An environmental control system (ECS) aboard an aircraft provides conditioned air to an aircraft cabin. Conditioned air is air at a temperature, pressure, and humidity desirable for aircraft passenger comfort and safety. At or near ground level, the ambient air temperature and/or humidity is often sufficiently high that the air must be cooled as part of the conditioning process before delivered to the aircraft cabin. At flight altitude, ambient air is often far cooler than desired, but at such a low pressure that it must be compressed to an acceptable pressure as part of the conditioning process. Compressing ambient air at flight altitude heats the resulting pressurized air sufficiently that it must be cooled, even if the ambient air temperature is very low. Thus, under most conditions, heat must be removed from air by the ECS before the air is delivered to the aircraft cabin. As heat is removed from the air, it is dissipated by the ECS into a separate stream of air that flows into the ECS, across heat exchangers in the ECS, and out of the aircraft, carrying the excess heat with it. Under conditions where the aircraft is moving fast enough, the pressure of air ramming into the aircraft is sufficient to move enough air through the ECS and over the heat exchangers to remove the excess heat.
While ram air works well under normal flight conditions, at lower flight speeds, or when the aircraft is on the ground, ram air pressure is too low to provide enough air flow across the heat exchangers for sufficient heat removal from the ECS. Under these conditions, a fan within the ECS is employed to provide the necessary airflow across the ECS heat exchangers. This fan is called a ram air fan.
As with any system aboard an aircraft, there is great value in an improved ram air fan that includes innovative components, such as a diffuser, designed to improve the operational efficiency of the ram air fan, reduce its weight, or reduce noise generated by the aircraft.

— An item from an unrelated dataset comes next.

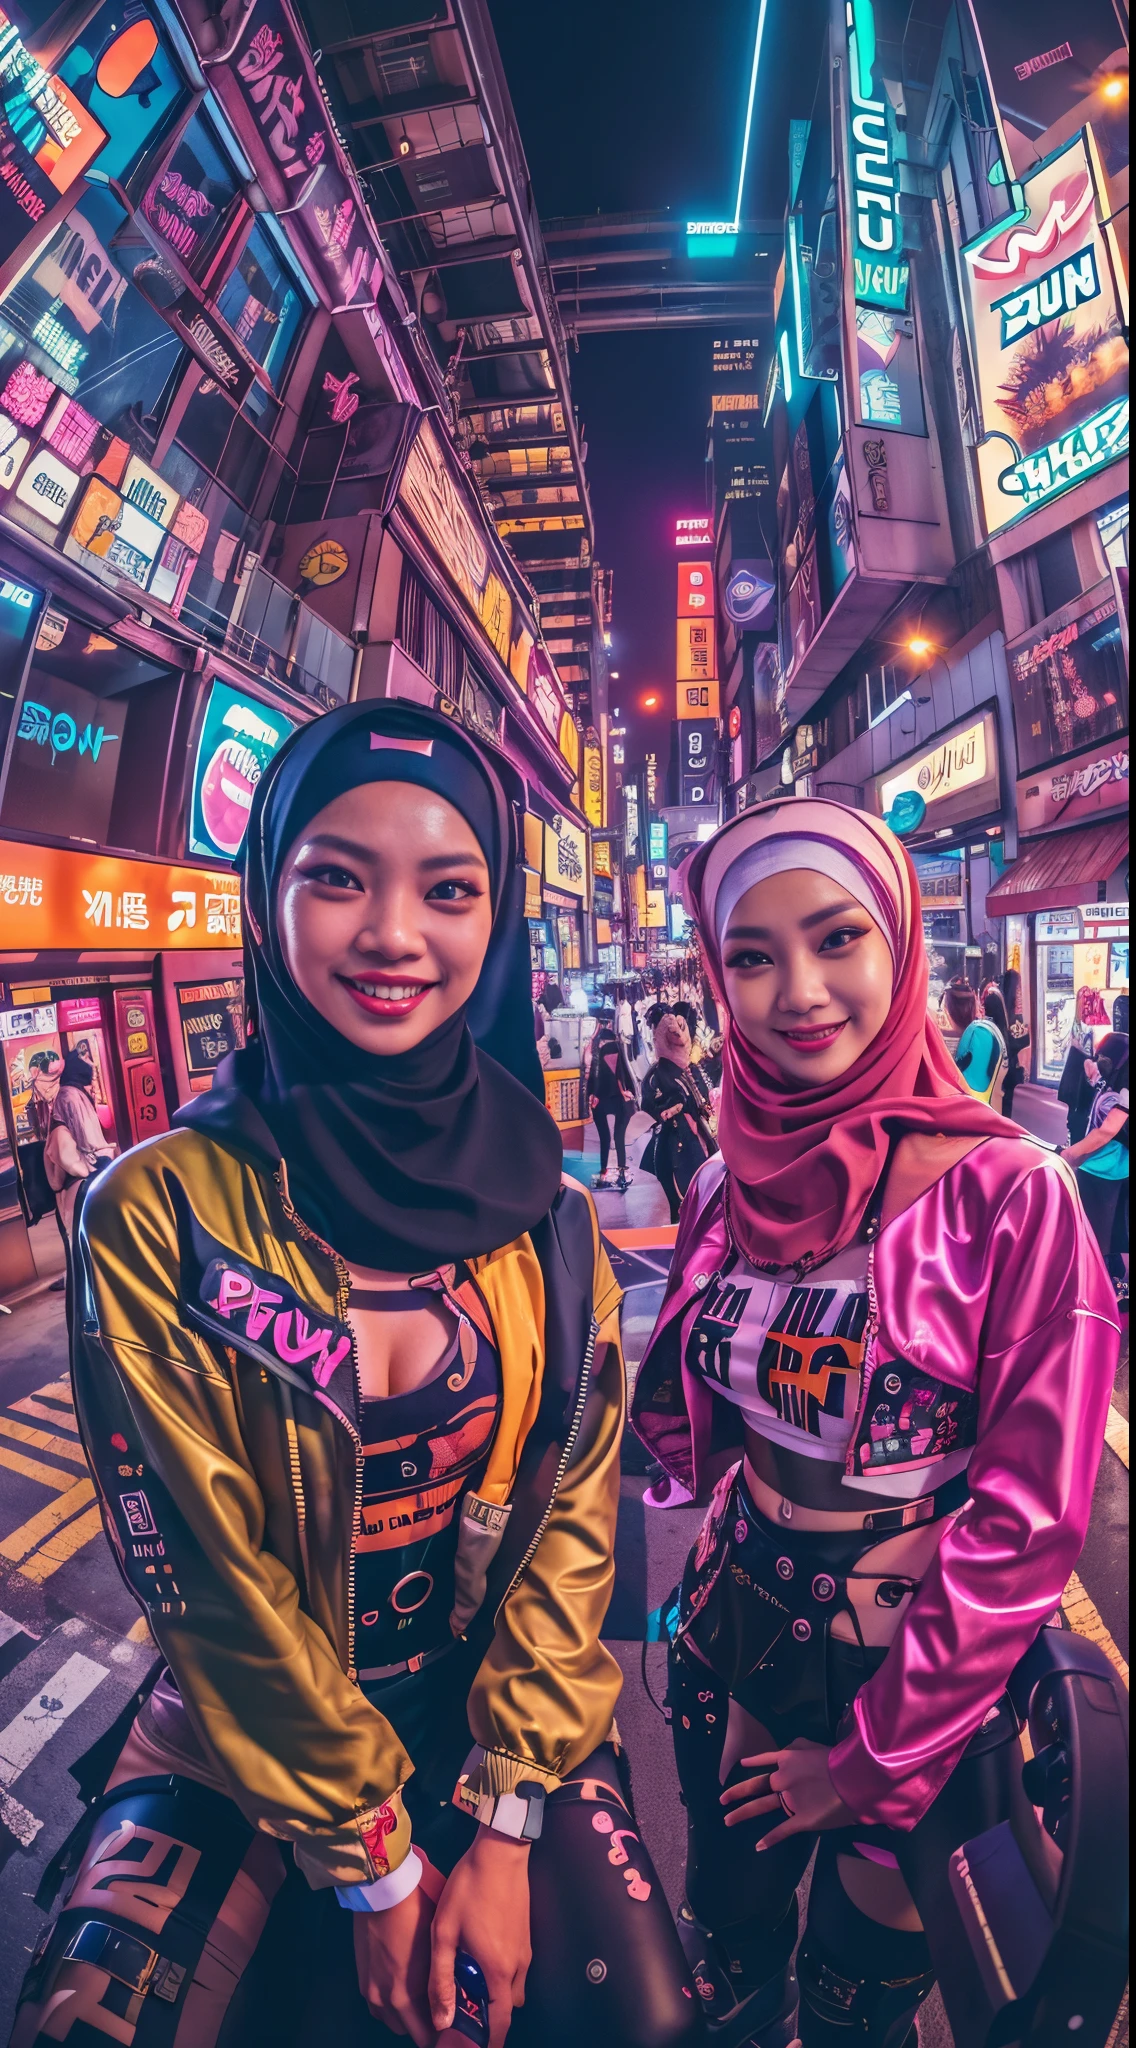 ((2 filles malais cyberpunk en hijab portant une tenue pop colorée de style Harajuku)), ((Lentille de fisheye)), tir de cow-boy, vent, paysage urbain cyberpunk, (esthétique et ambiance:1.2), souriant, ((éclairage cinématographique))

SUMMARYThe present invention is a diffuser for a ram air fan assembly. The diffuser includes a perforated cone, an inlet ring seal, and an outlet ring seal. The perforated cone has a frustoconical shape symmetrical about an axis of the diffuser. The inlet ring seal is attached to, and axially disposed about, a first end of the perforated cone. The inlet ring seal includes a fan housing connection having a cylindrical shape. The outlet ring seal is attached to, and axially disposed about, a second end of the perforated cone. An average external diameter of the second end is greater than an average external diameter of the first end such that the perforated cone extends away from the inlet ring seal and radially outward from the axis of the diffuser.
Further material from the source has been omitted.